* [Task item] In the records below, find the line containing "Squarespace Website Design - Indigo" and the line containing "KaiHong Qiu"; please repeat exactly the lines from one to the other, both included, and nothing more.

Segment Start: Input records

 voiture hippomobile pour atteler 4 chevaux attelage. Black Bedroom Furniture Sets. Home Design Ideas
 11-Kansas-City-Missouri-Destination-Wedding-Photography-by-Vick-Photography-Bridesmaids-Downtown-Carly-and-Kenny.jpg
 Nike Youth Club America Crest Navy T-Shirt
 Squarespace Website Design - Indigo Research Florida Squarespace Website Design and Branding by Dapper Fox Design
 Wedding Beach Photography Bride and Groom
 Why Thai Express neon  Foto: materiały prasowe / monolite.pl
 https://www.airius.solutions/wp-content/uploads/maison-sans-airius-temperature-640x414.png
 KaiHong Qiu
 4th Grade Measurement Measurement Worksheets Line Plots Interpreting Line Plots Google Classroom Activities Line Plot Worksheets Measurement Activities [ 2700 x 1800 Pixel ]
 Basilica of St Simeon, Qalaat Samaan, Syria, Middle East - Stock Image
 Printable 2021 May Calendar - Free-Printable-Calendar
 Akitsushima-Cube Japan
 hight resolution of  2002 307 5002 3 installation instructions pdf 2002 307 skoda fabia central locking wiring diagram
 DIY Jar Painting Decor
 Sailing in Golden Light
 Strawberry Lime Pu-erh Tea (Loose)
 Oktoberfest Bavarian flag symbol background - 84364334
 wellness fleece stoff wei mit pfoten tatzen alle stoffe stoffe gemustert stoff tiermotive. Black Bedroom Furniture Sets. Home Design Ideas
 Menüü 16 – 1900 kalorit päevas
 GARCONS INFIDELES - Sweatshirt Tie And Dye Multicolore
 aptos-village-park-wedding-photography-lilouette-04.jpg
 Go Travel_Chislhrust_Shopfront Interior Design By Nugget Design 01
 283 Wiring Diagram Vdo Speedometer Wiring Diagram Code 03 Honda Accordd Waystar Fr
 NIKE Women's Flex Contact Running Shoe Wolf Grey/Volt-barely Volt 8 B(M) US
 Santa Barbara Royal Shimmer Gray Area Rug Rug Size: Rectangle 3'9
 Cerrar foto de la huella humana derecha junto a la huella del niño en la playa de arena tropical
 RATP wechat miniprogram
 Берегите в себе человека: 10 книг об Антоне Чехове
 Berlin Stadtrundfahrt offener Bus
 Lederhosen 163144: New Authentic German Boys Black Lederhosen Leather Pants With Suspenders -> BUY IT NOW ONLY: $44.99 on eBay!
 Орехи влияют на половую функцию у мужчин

Segment End: Input records

* [Your response]
 Squarespace Website Design - Indigo Research Florida Squarespace Website Design and Branding by Dapper Fox Design
 Wedding Beach Photography Bride and Groom
 Why Thai Express neon  Foto: materiały prasowe / monolite.pl
 https://www.airius.solutions/wp-content/uploads/maison-sans-airius-temperature-640x414.png
 KaiHong Qiu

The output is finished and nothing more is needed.